Transcribe the whole listing without a single picture.

**Collected data**
╔══
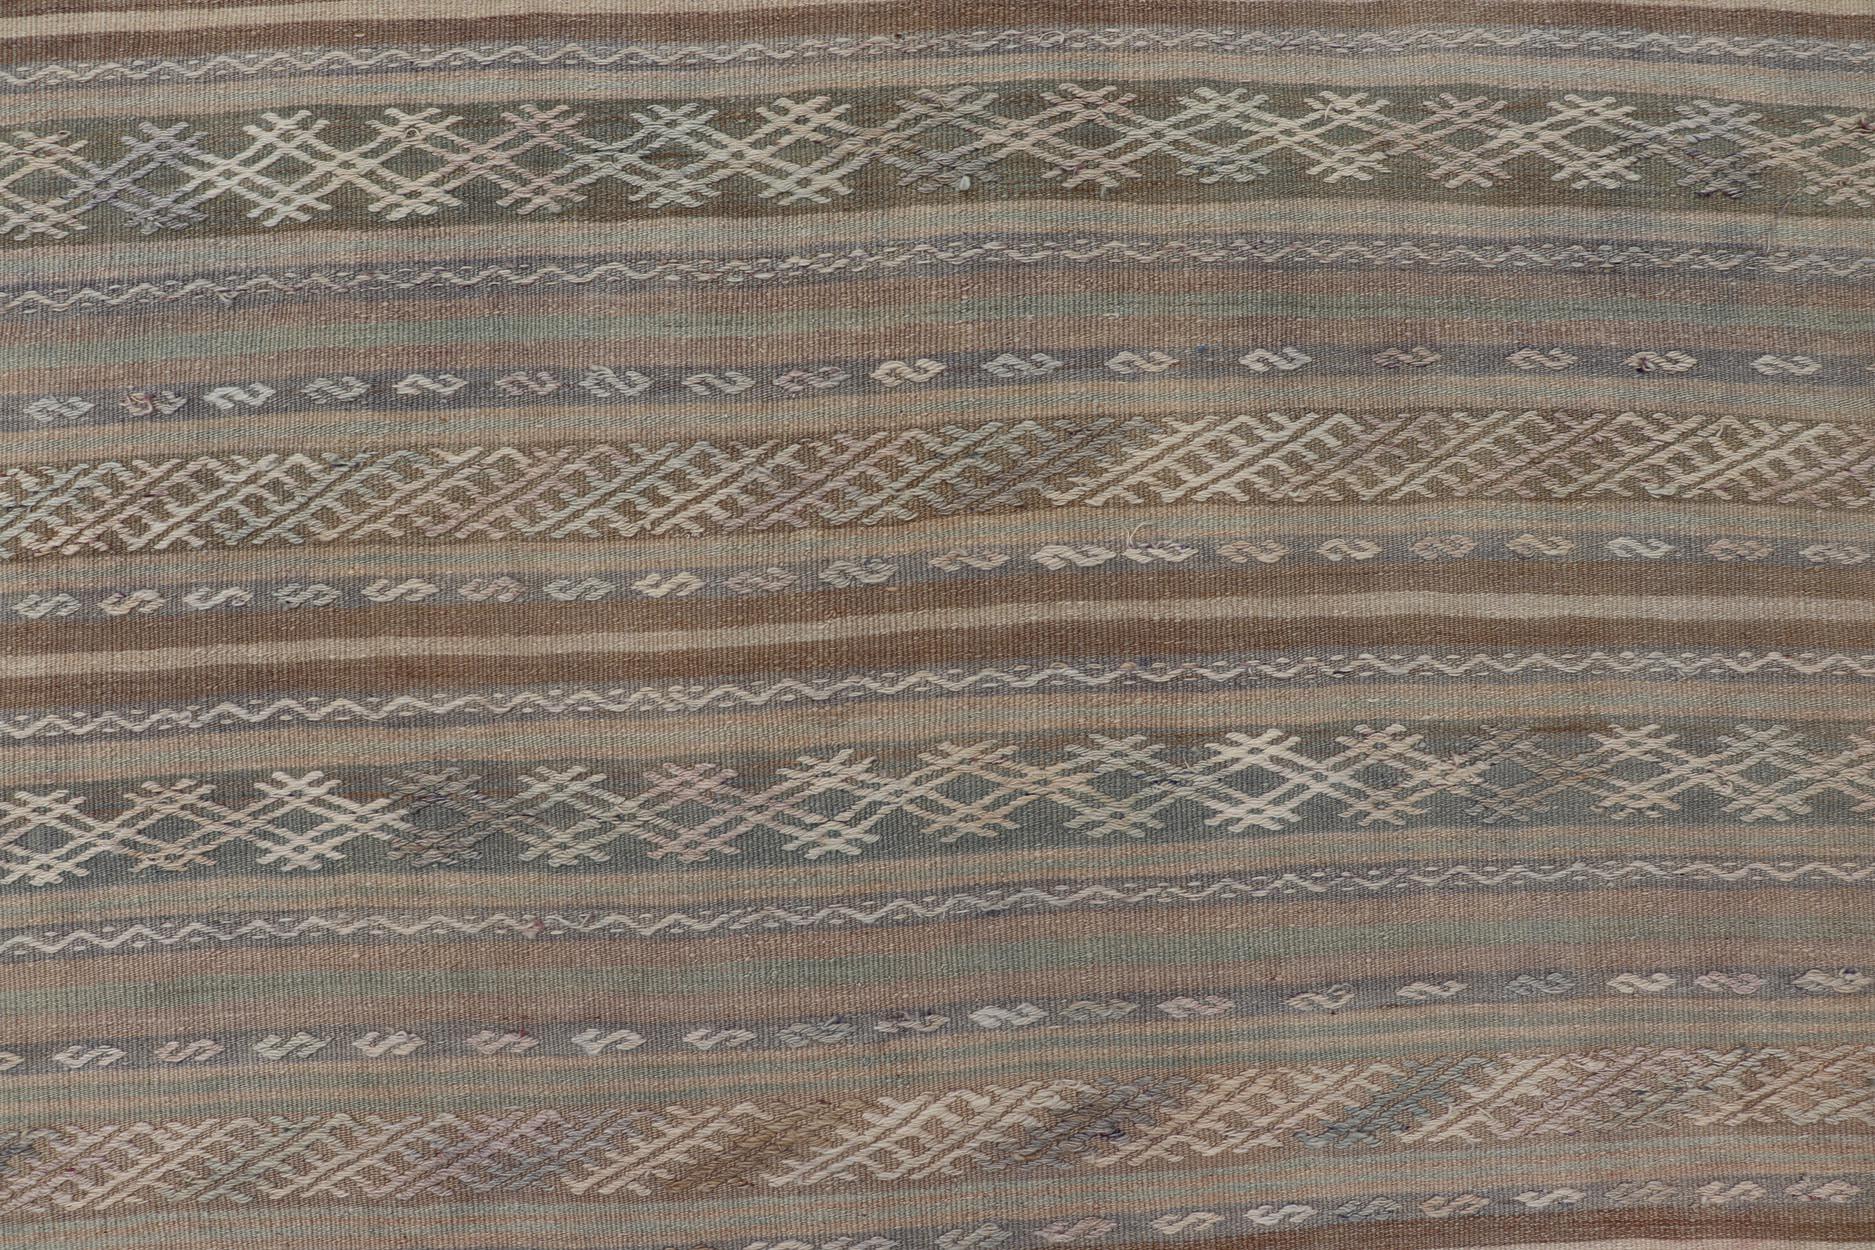 Vintage Turkish Flat-Weave Kilim with Embroideries in Muted Tones and Stripes 2
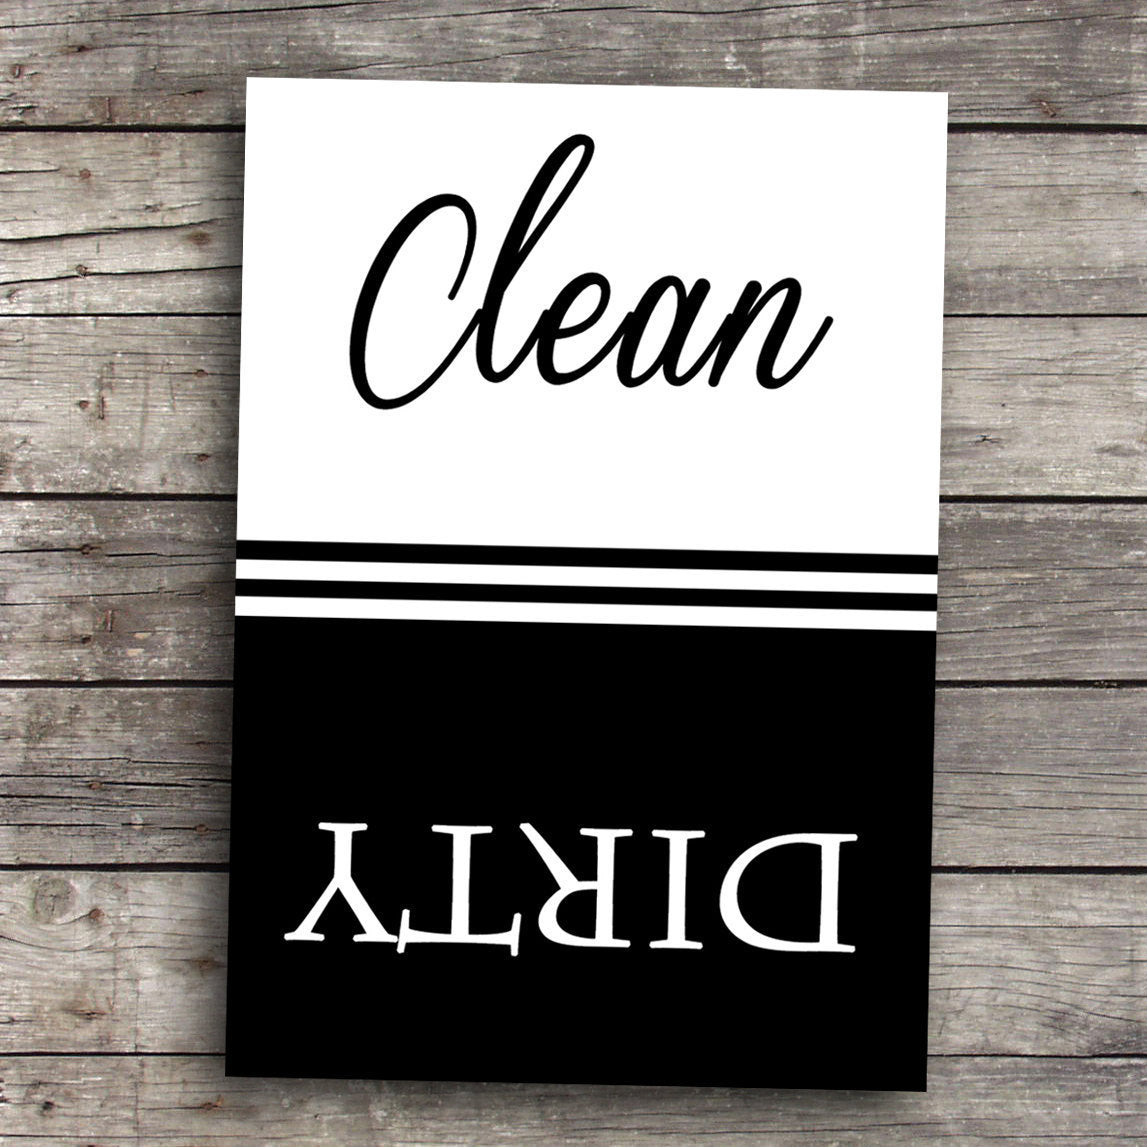 Clean Dirty Dishwasher Magnet – Forget Me Not Magnets
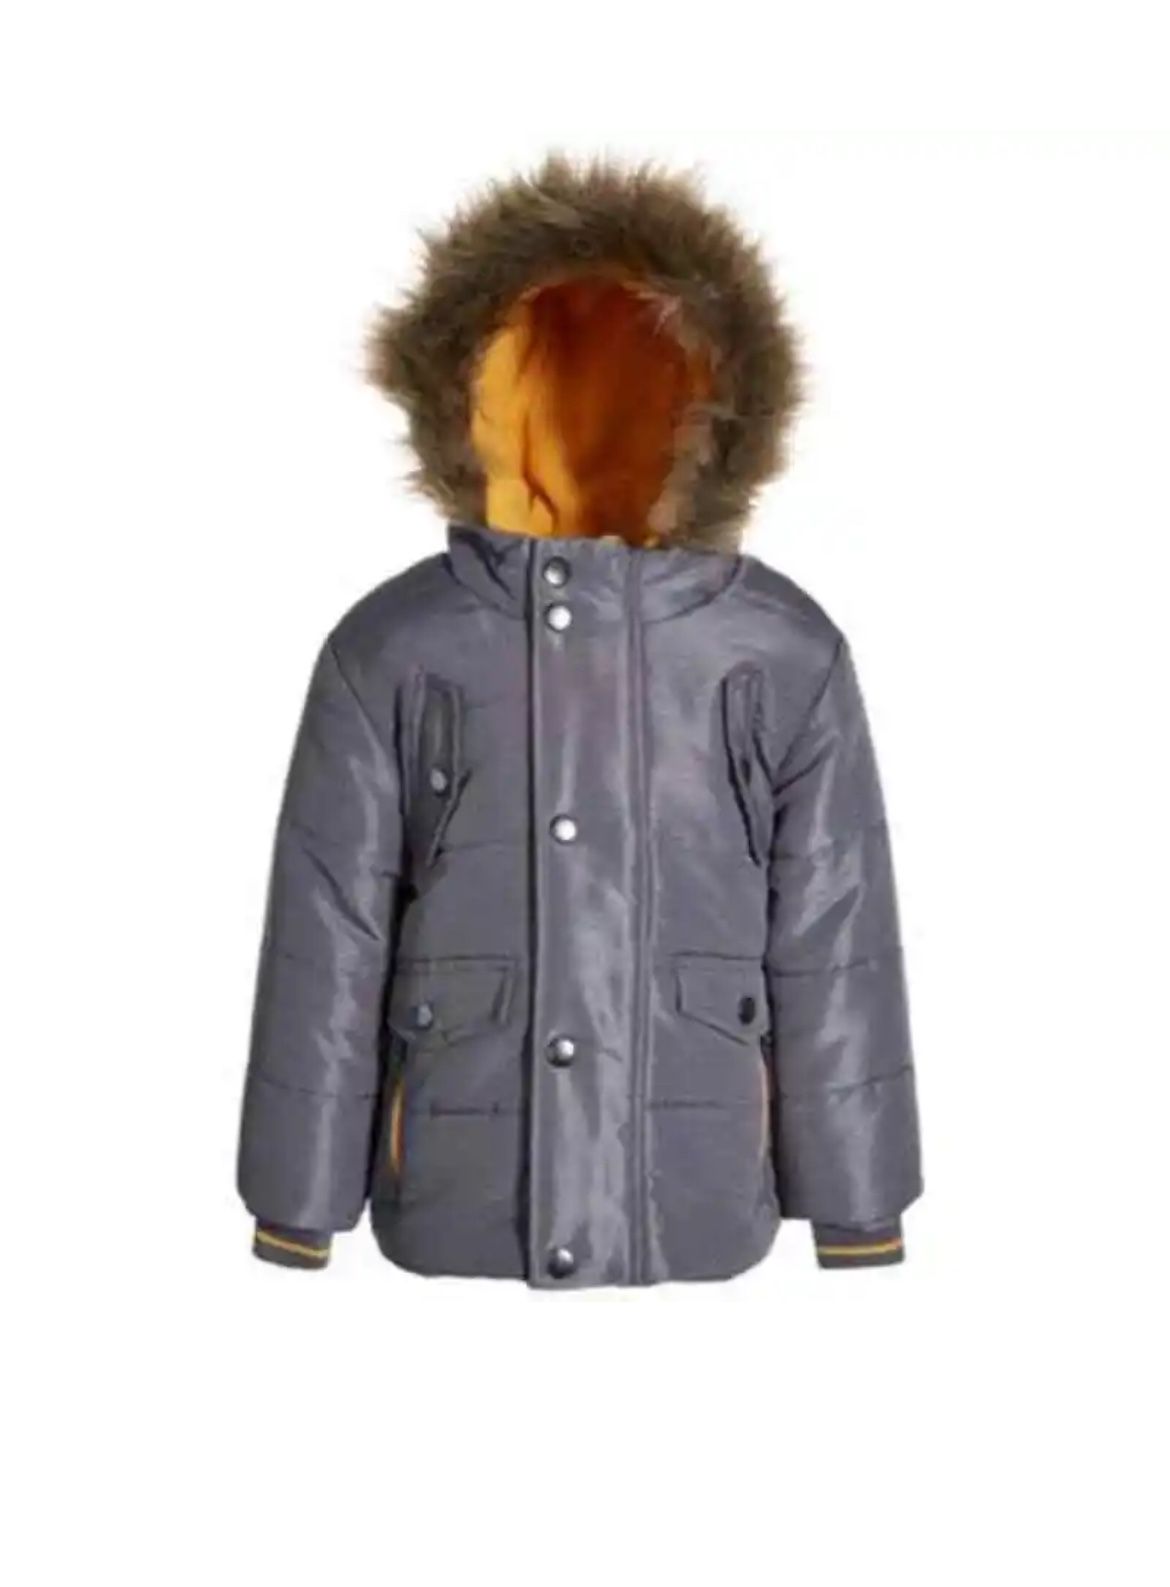 NEW S. Rothschild Baby Boys Parka Coat, Charcoal 6-9 months
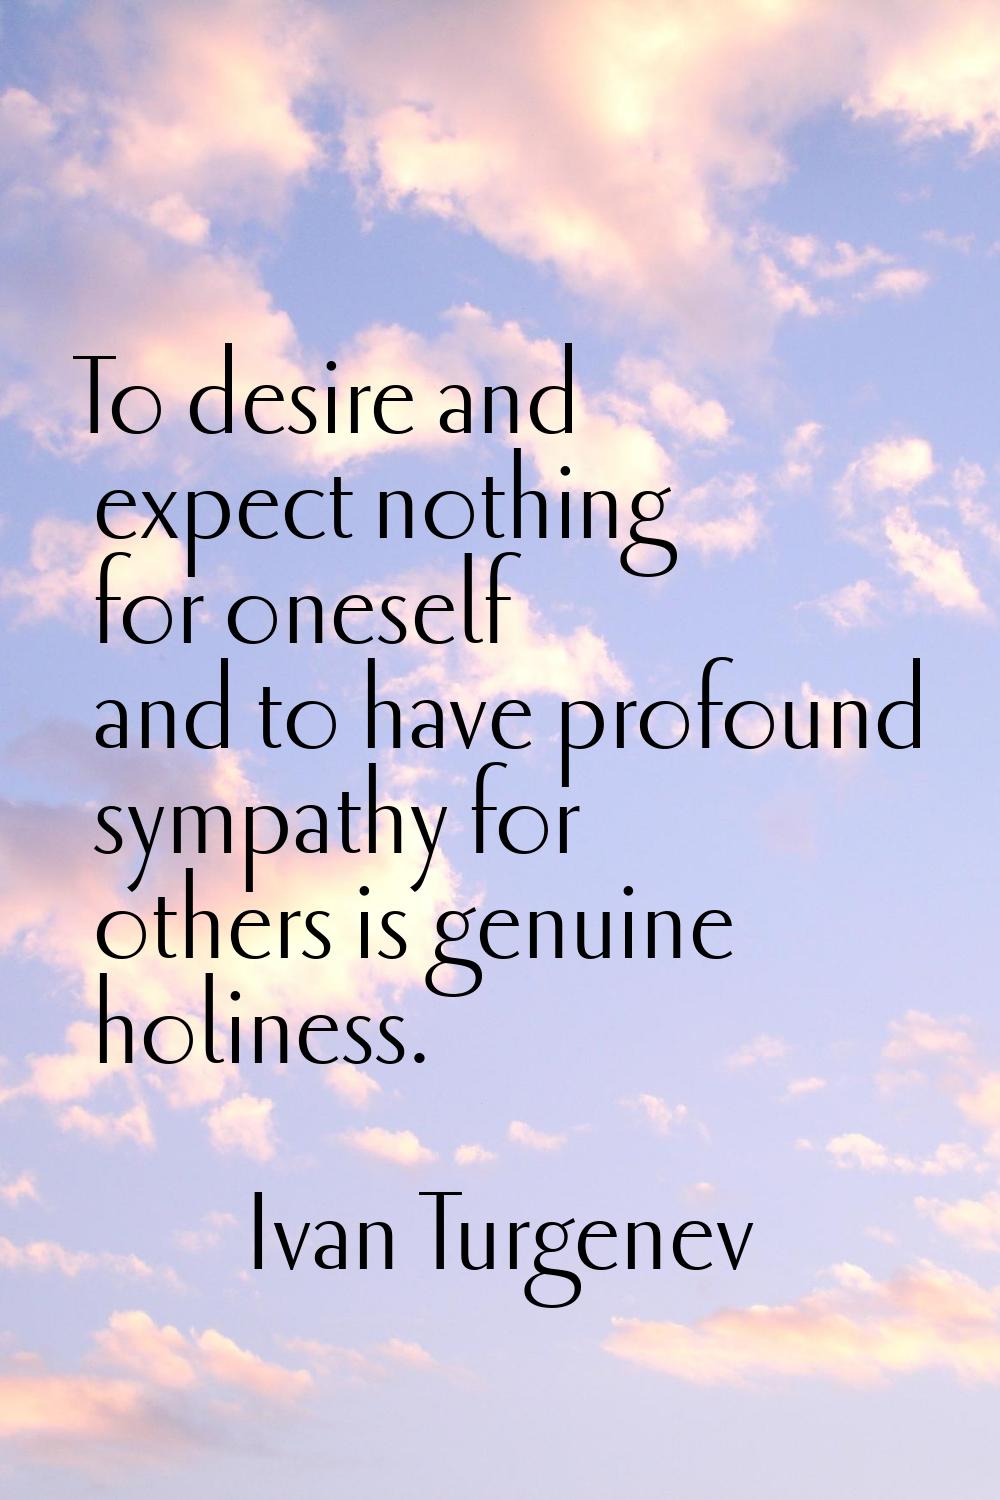 To desire and expect nothing for oneself and to have profound sympathy for others is genuine holine
╚══
**Result for this exercise**
 Vintage Turkish Flat-Weave Kilim with Embroideries in Muted Tones and Stripes 2
 Clean Dirty Dishwasher Magnet – Forget Me Not Magnets
 NEW S. Rothschild Baby Boys Parka Coat, Charcoal 6-9 months
 To desire and expect nothing for oneself and to have profound sympathy for others is genuine holine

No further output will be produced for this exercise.